The patient is actively involved in the treatment process. They transition from being a prosthesis recipient to an active partner on their journey to an active and pain-free life. This requires training before and after the operation, and ideally, lifelong.

ARTIQO: What other standards do you have?

Prof. Zilkens: My approach to the approximately 300 hip replacements I implant each year is always the same: minimally invasive direct anterior approach (DAA/AMIS) with muscle preservation, short stem, preferably cementless, and ideally ceramic-on-ceramic. Since I operate in four different hospitals, I prefer simple and structured procedures before, during, and after the surgery: supine positioning without an extension table, draping with a horizontal film similar to gamma nailing, so that I can manage with minimal assistance. There are few specialized instruments for the approach. I do the washing, suturing, and applying the dressing myself. The shower dressing stays in place for 14 days; no dressing changes, no drainage. During my evening rounds on the day of surgery, I ensure that the patient is mobilized; if necessary, I do it myself. We achieve transition times of approximately 30 minutes (sewing-to-incision time) without any rush, so I can usually perform five hip replacements in one operating room before 3:00 PM without parallel inductions or a second anesthesia team. That’s a fantastic team effort.

ARTIQO: What advantages do our shafts offer you?

Prof. Zilkens: In 2009, I discovered and fell in love with short-stem prostheses and have been using them as my standard implant for many years.
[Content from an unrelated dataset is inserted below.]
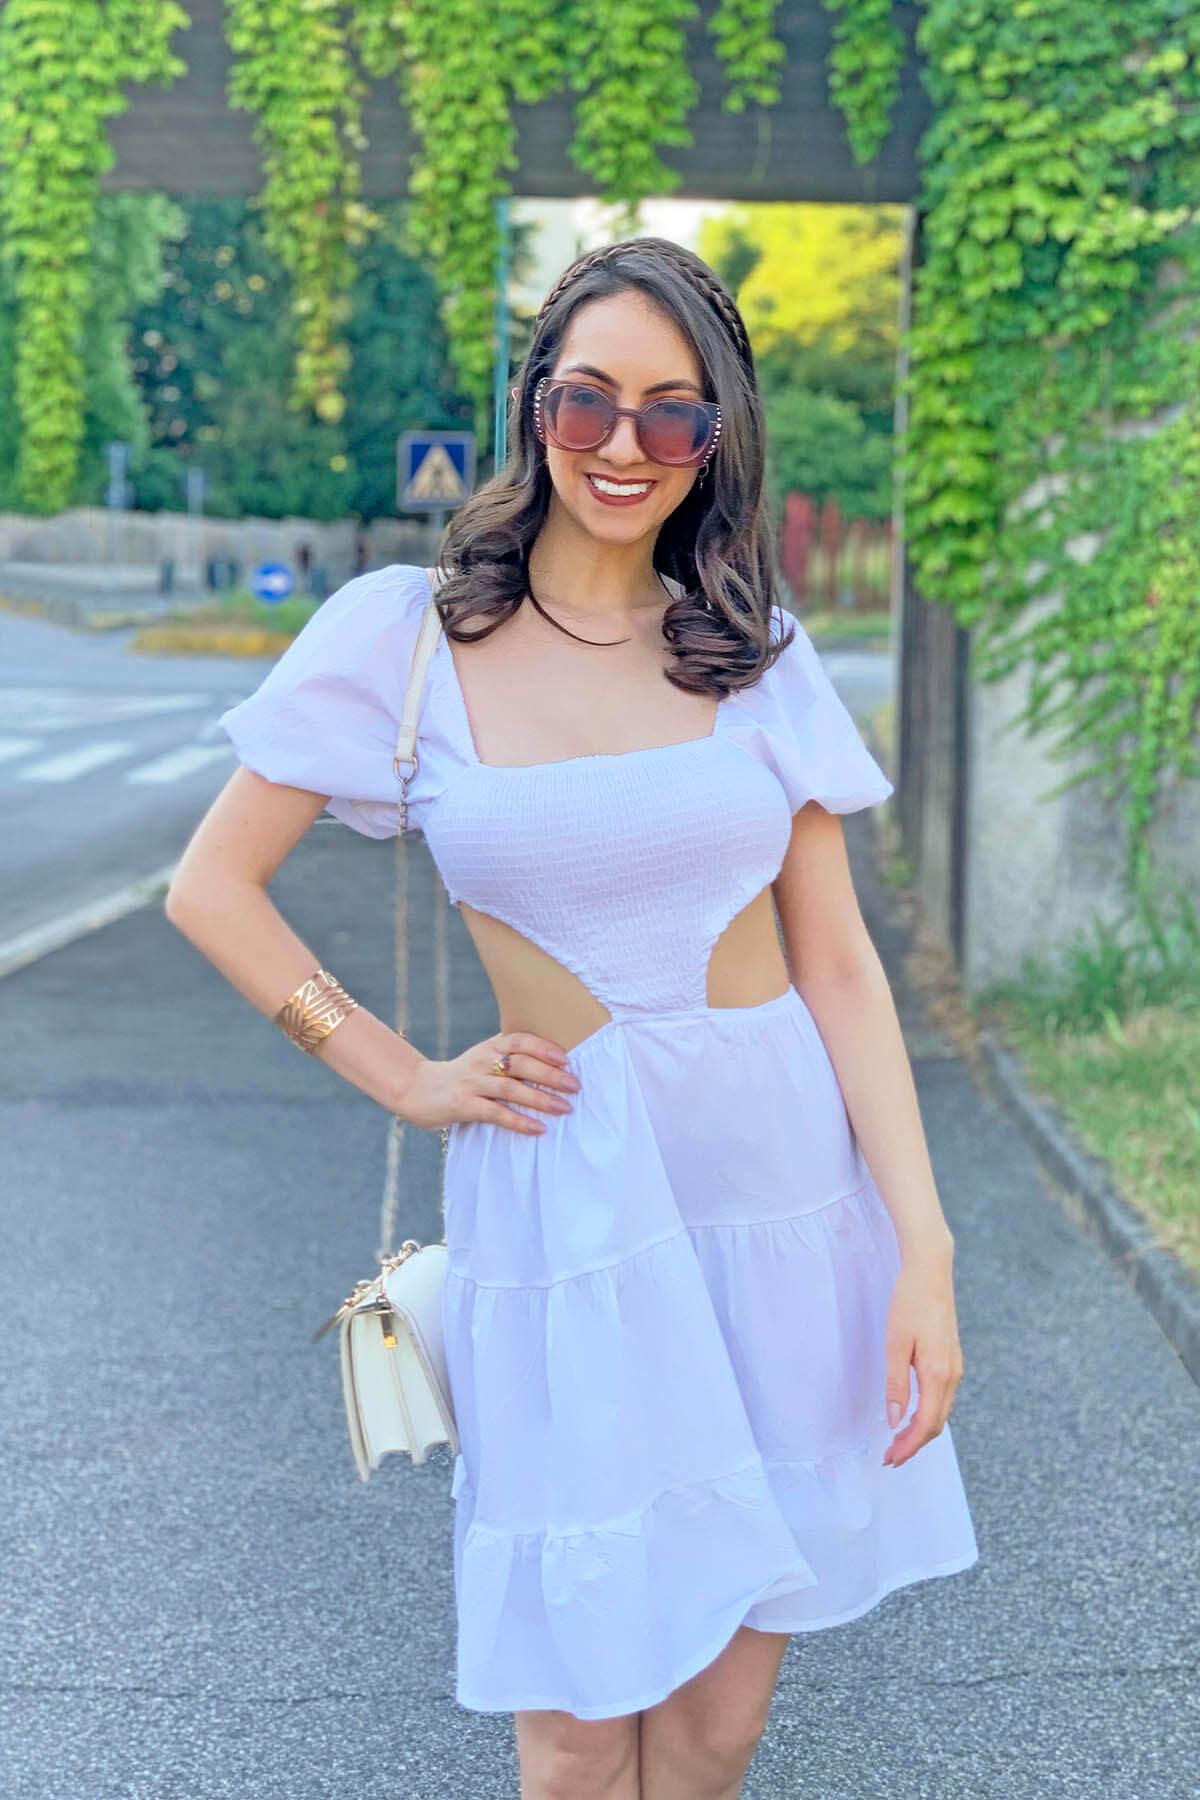 White dress - Lili Fairy review

Preserving bone at the femoral neck, the physiological force transmission to the proximal femur, the ease of handling during implantation, and the protection of the greater trochanter make the short-stem prosthesis an ideal implant, especially when using the DAA/AMIS approach.
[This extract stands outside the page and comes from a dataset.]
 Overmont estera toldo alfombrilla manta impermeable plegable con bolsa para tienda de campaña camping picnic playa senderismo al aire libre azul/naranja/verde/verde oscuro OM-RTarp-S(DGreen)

A huge advantage of the A2® short-stem system is that I have the option of easily switching to the cemented stem variant intraoperatively if the bone quality is poor. What a luxury to know from the outset that my planned preventative strategy will be successful!

ARTIQO: How does the pan compare in terms of “simplicity”?

Prof. Zilkens: The ANA.NOVA® cup works perfectly and locks circumferentially even in challenging bony conditions. From 50 mm upwards, I can use a 36 mm head. The insertion instrument is well-designed and easy to use. In borderline cases, especially with dysplasia or bone defects, I prefer to use the hybrid cup; the acetabular wings are particularly helpful in achieving primary stability when there is insufficient bony preload. Both cups demonstrate excellent long-term results.